### ABOUT THIS EXERCISE
Restate the entries word for word and skip every image.
*** INFORMATION GIVEN Section Begins ***
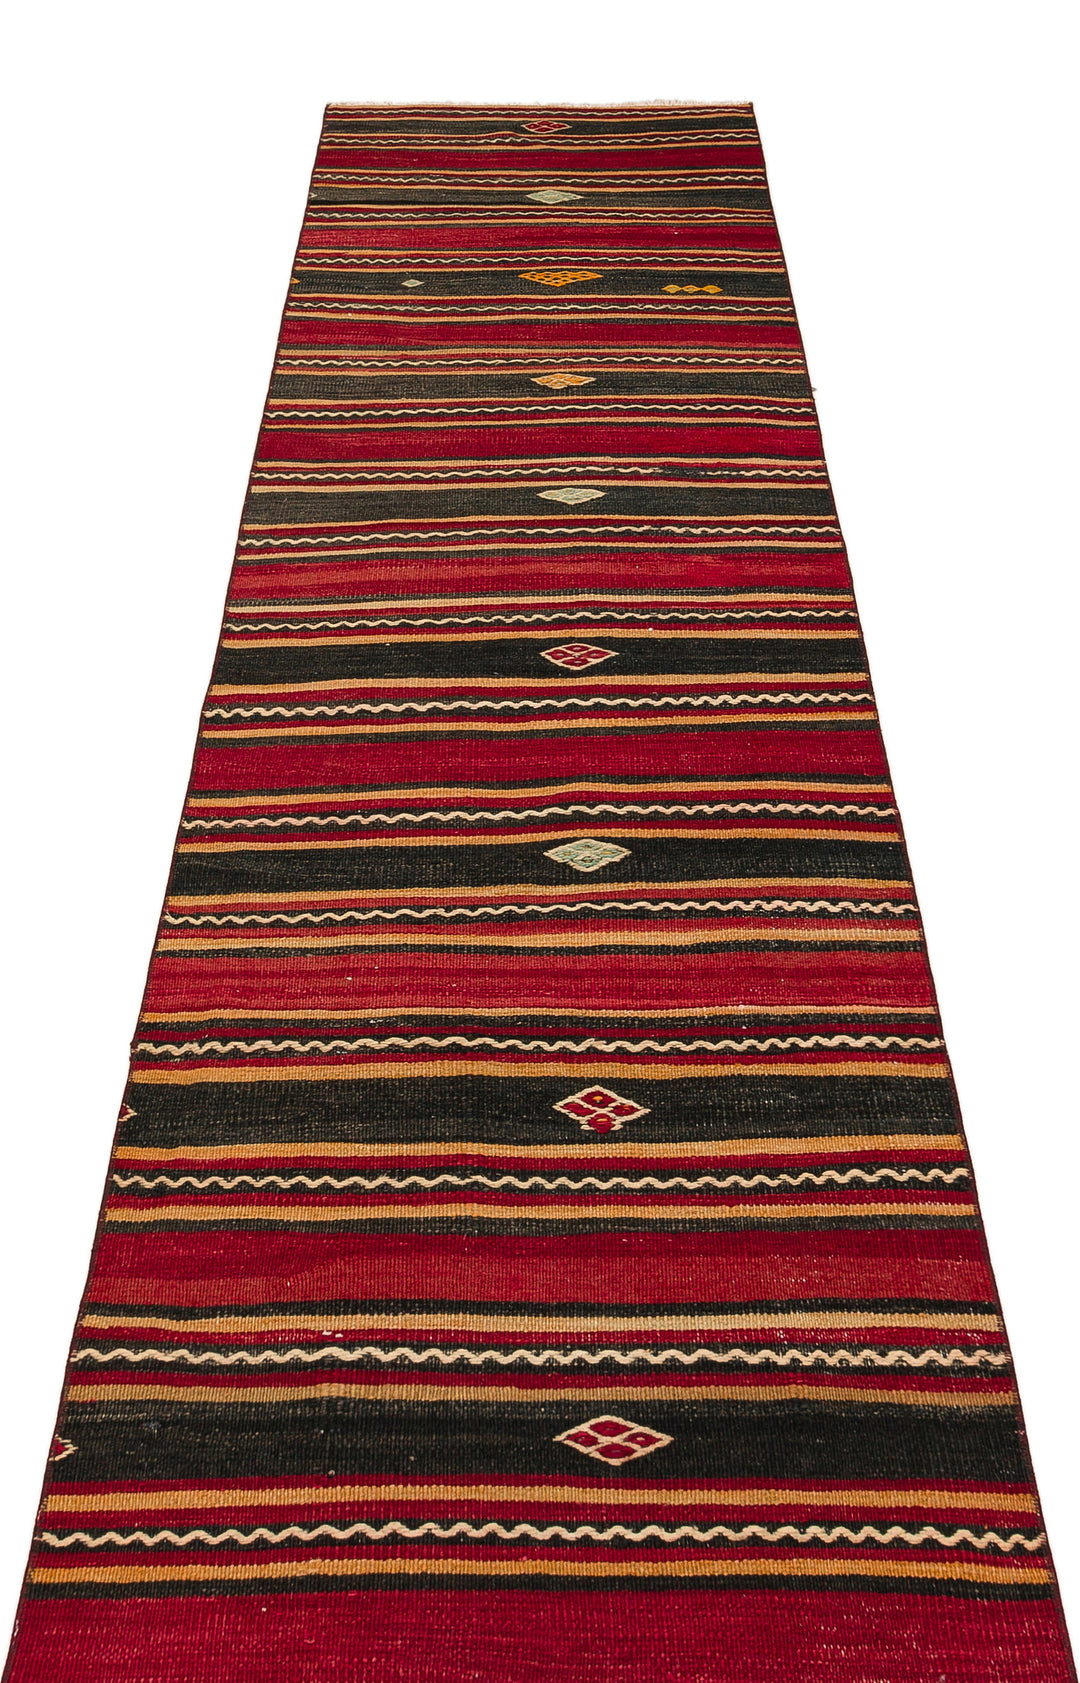 Cretan Red Striped Wool Hand-Woven Carpet 080 x 345
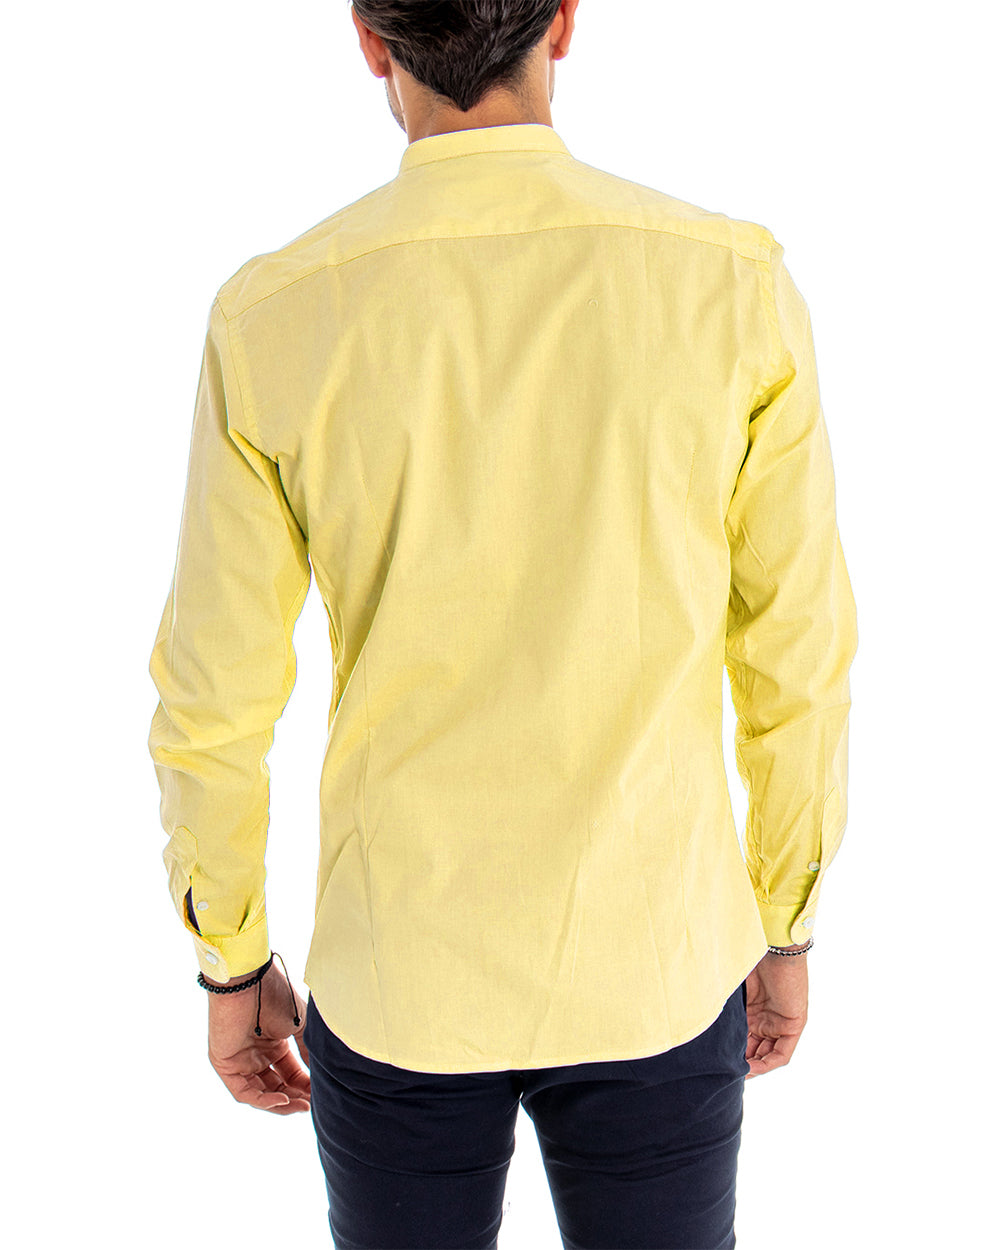 Men's Mandarin Collar Shirt Long Sleeve Solid Color Slim Fit Basic Light Gray GIOSAL-C2093A
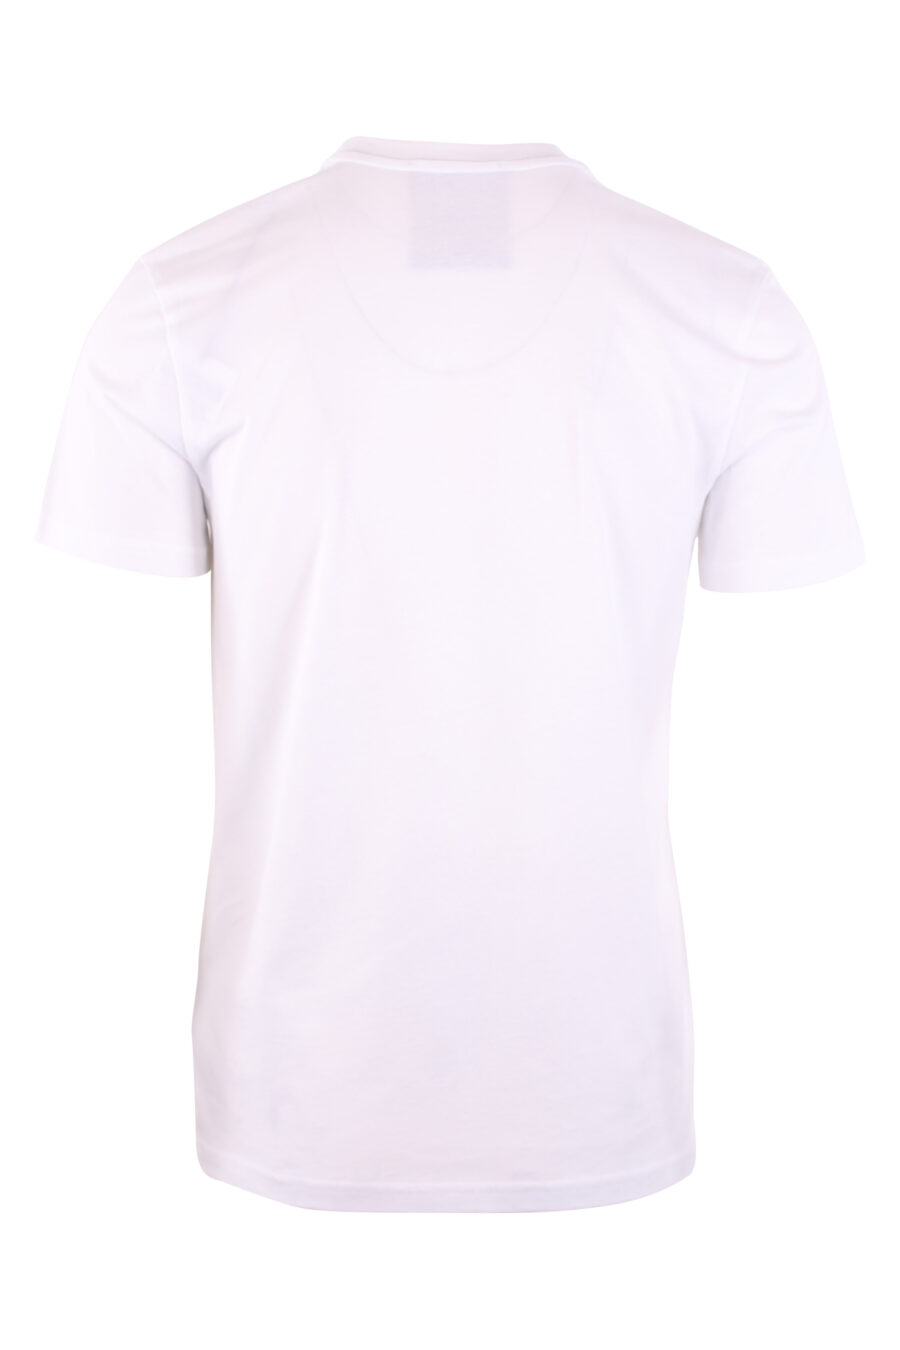 Camiseta blanca con logo milano "fantasy" - IMG 3127
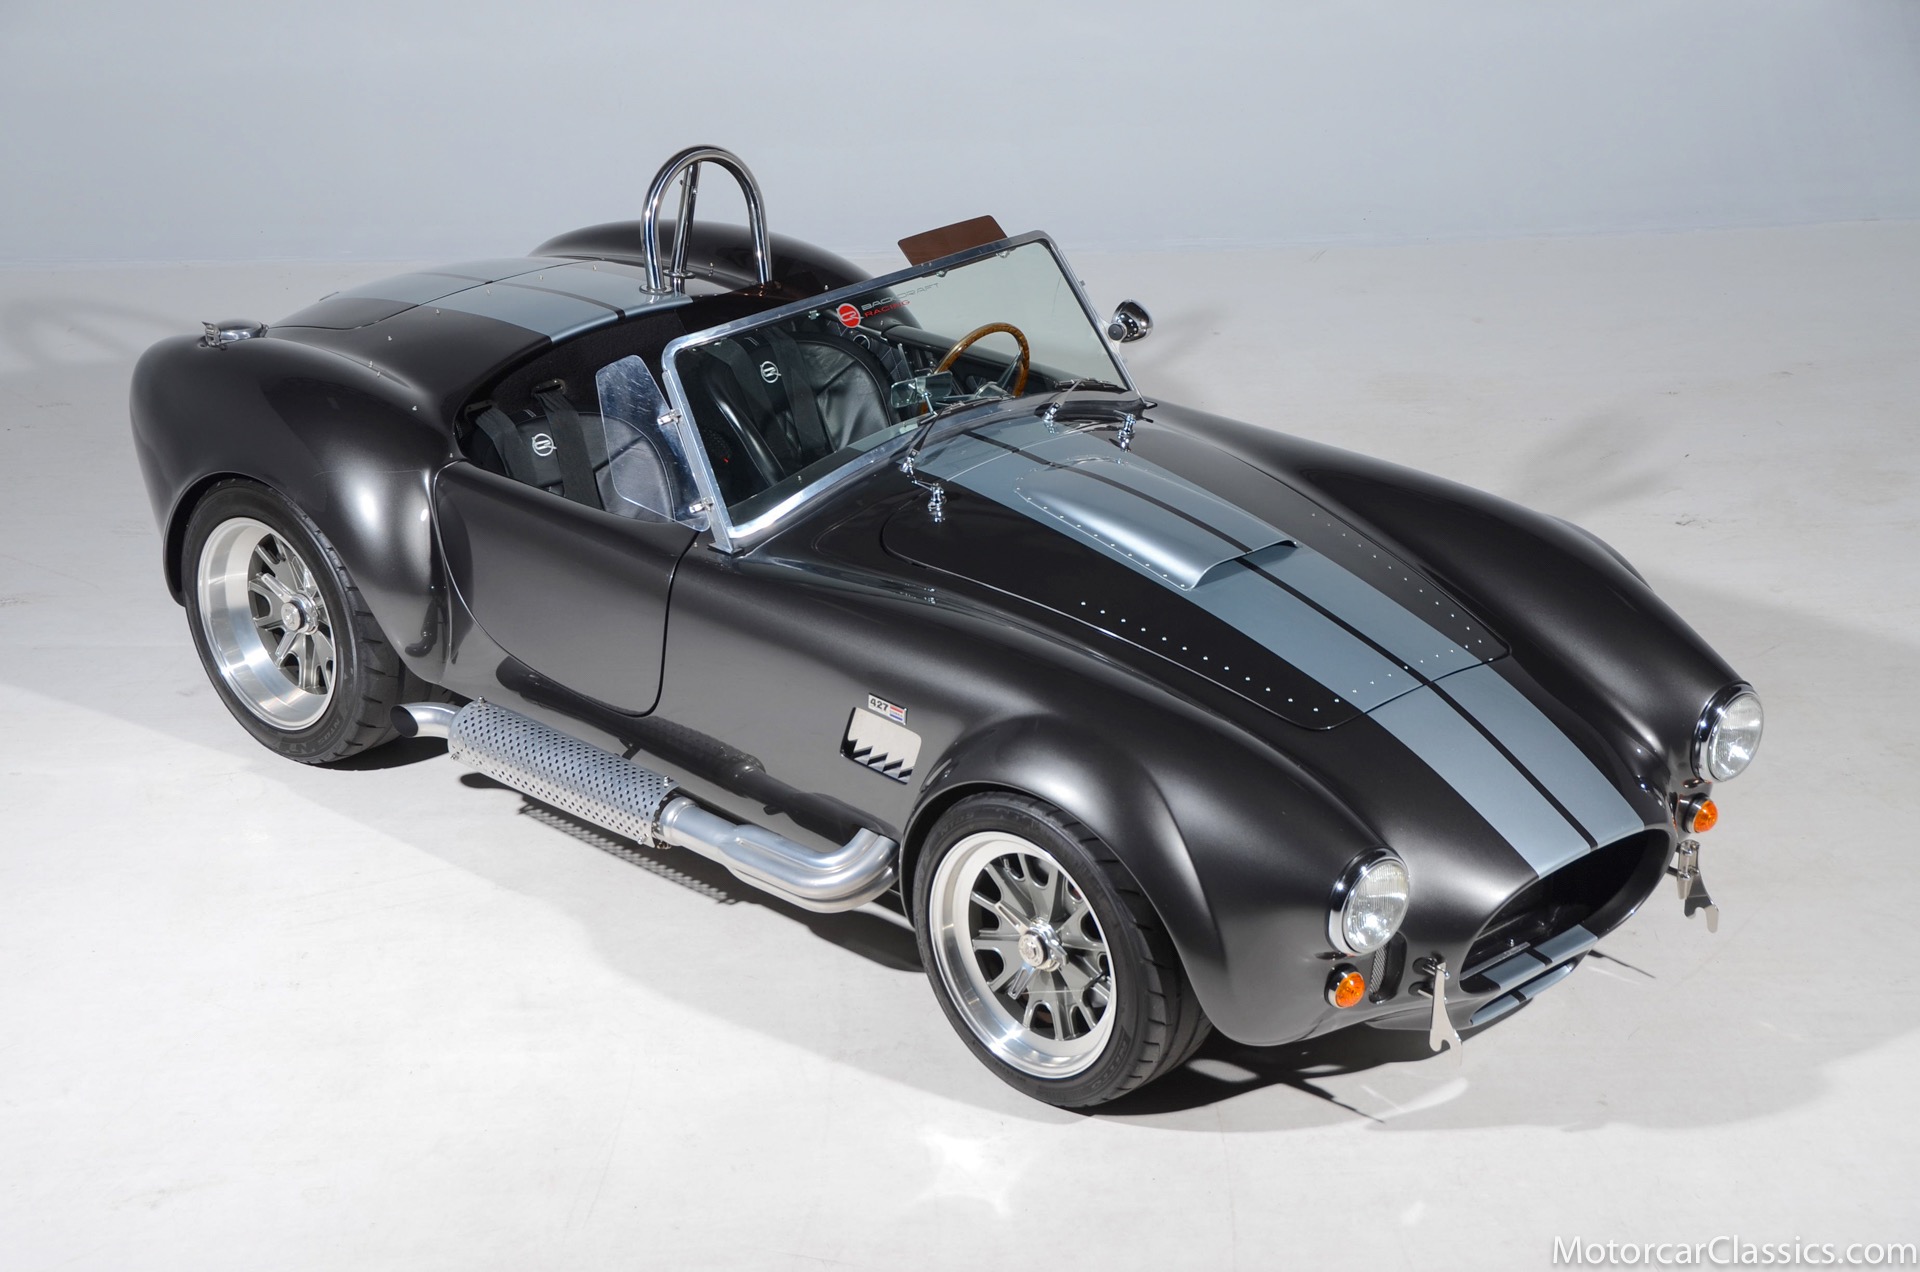 1965 Shelby Cobra 
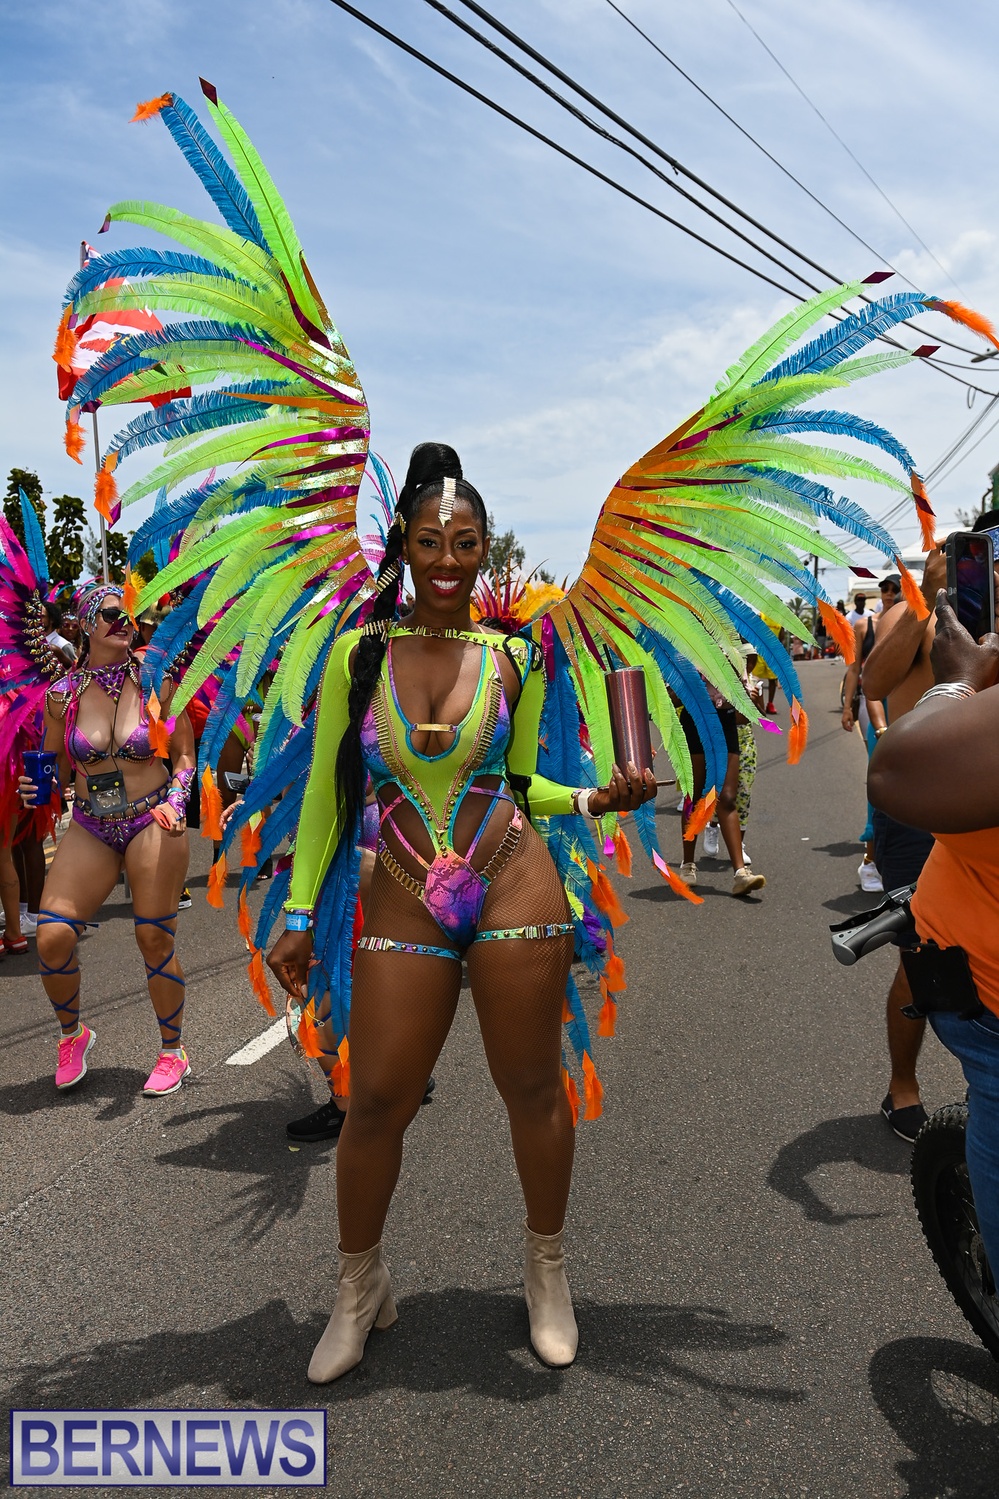 Carnival in Bermuda ‘Revel de Road’ event  party June 2022 AW (31)
*** INFORMATION GIVEN Section Ends ***
### RESPONSE
 Cretan Red Striped Wool Hand-Woven Carpet 080 x 345
 Men's Mandarin Collar Shirt Long Sleeve Solid Color Slim Fit Basic Light Gray GIOSAL-C2093A
 Camiseta blanca con logo milano "fantasy" - IMG 3127
 1965 Shelby Cobra 
 Carnival in Bermuda ‘Revel de Road’ event  party June 2022 AW (31)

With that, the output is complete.